A desert car? Oh then this might be of special interest to you…
Check the tires for dry rot. Little cracks in the rubber. I’ve been reading a ton about it lately. Desert car should be especially susceptible because of hash conditions and lotsa sun.
From what I’ve read, any amount of dry rot means the vehicle is unsafe for highway use and is dangerous for normal road use, and the tires should be replaced immediately.
That’s not a deal breaker, as tires are easily changed and are part of routine maintenance already. But it might be worth knowing, going into it, if you’re gonna have to spend several hundred dollars immediately just to make it safe to drive.
If the cowl leaks 8/10 the floorpans will need replacing or vice-versa.
Same with the rear window corners. If there is a leak in the rear window, trunk, trunk dropoff and/or quarter panel rust.
Hopefully your desert car will be sound.
AC cars eventually leaked condensate into the passenger floorpan. Look for rust there.
Shock towers crack around the holes for the upper control arms, not so much on 69’s and 70’s with the reinforcement.
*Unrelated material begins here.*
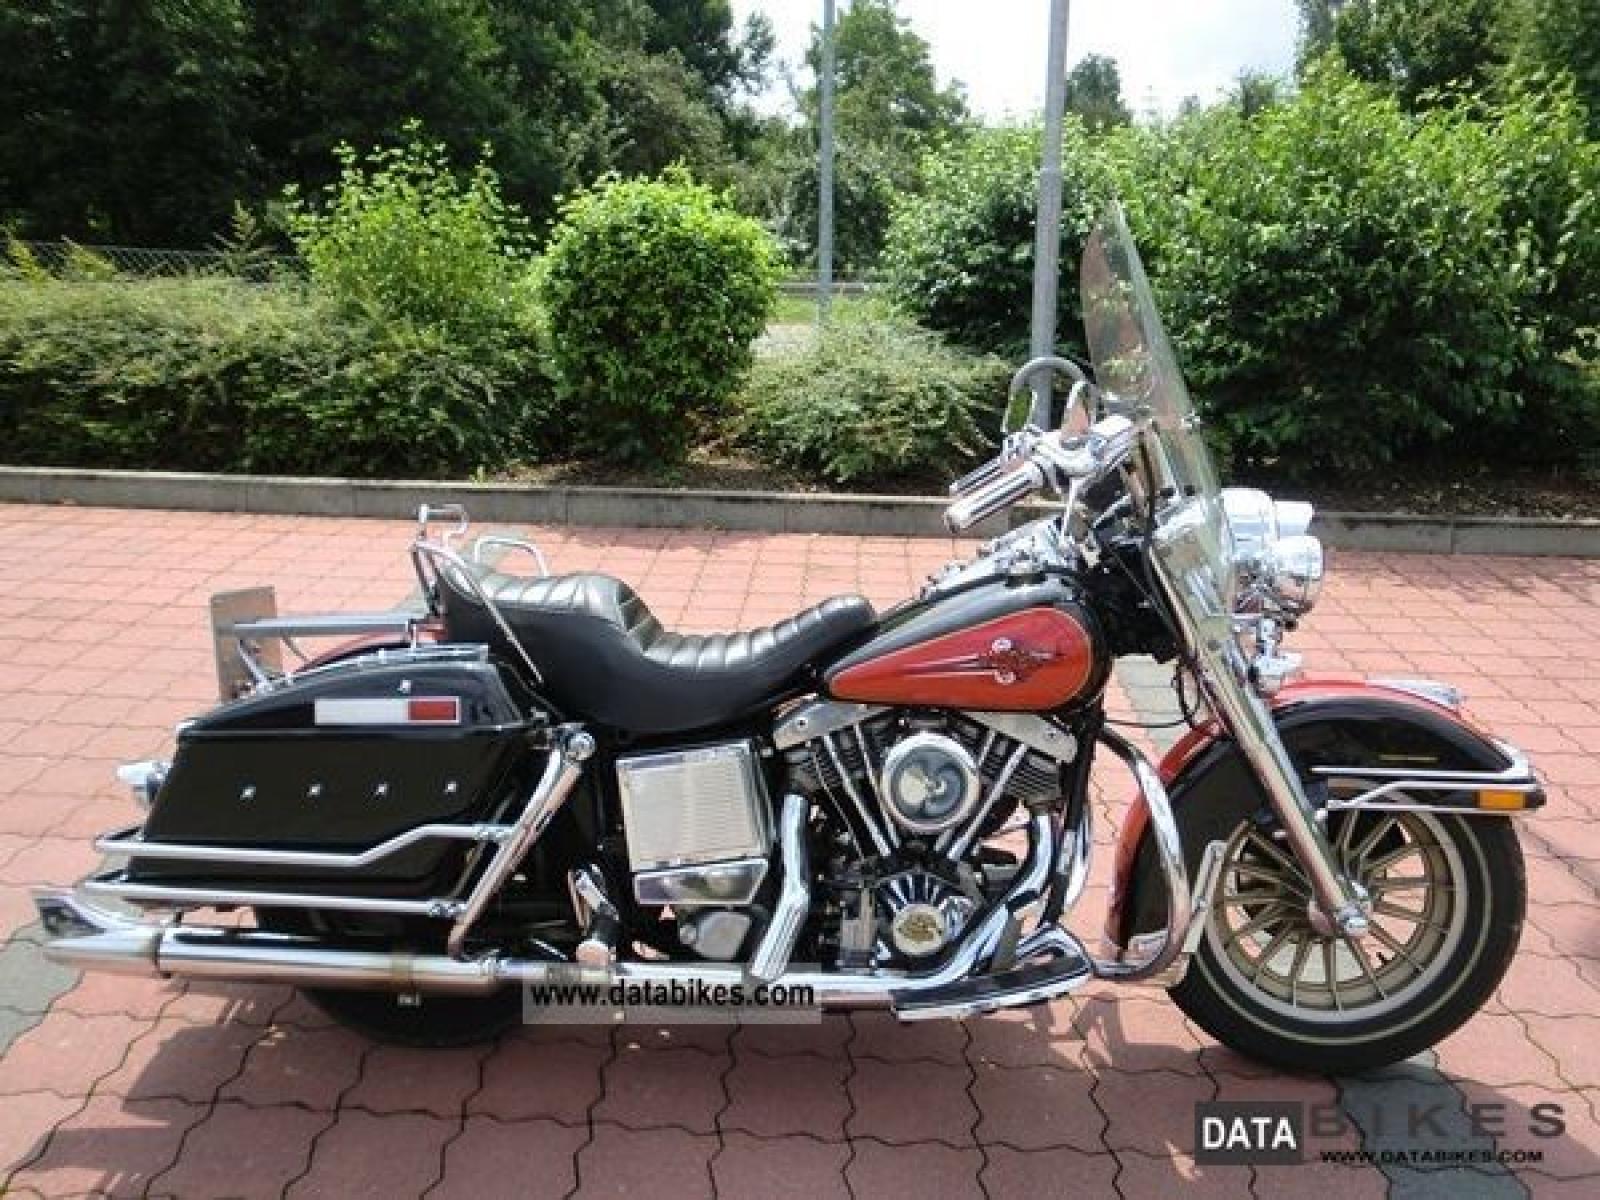 hight resolution of 1990 harley davidson flhs 1340 electra glide sport moto zombdrive com rh moto zombdrive com 1988 flhs electra glide sport 1992 electra glide sport

Cars with a lot of hard use will have cracks at the top of the “A” pillar, if so check the pans and inner rockers.
Schrader valves (or drilled holes) in the rear bumper or trunk mean air shocks, check the upper and lower shock mounts.
Sorry to high jack this thread, but I have a quick question. Art, what would you recommend to prevent this? To stiffen my Cougar up, I’ve installed Maier subframe connectors, Monte Carlo bar and export brace with welded in reinforcement plate. Barring a full roll cage, is there anything else you would do?
If I wanted to eliminate more of the unibody flex, install convertible rockers, torque boxes, and seat platform from a similar year mustang convertible.
Cheap and stealth. I love it. I found this tech article about a formerly offered “Chassis Strengthening Kit” from Mustangs Plus that looks similar to what you described. Even though I’ve already installed my dynamat, I’m basically at that stage in my build right now. I’ll have think about this a little bit more. Okay, enough thread jacking. Thanks for your help, Art.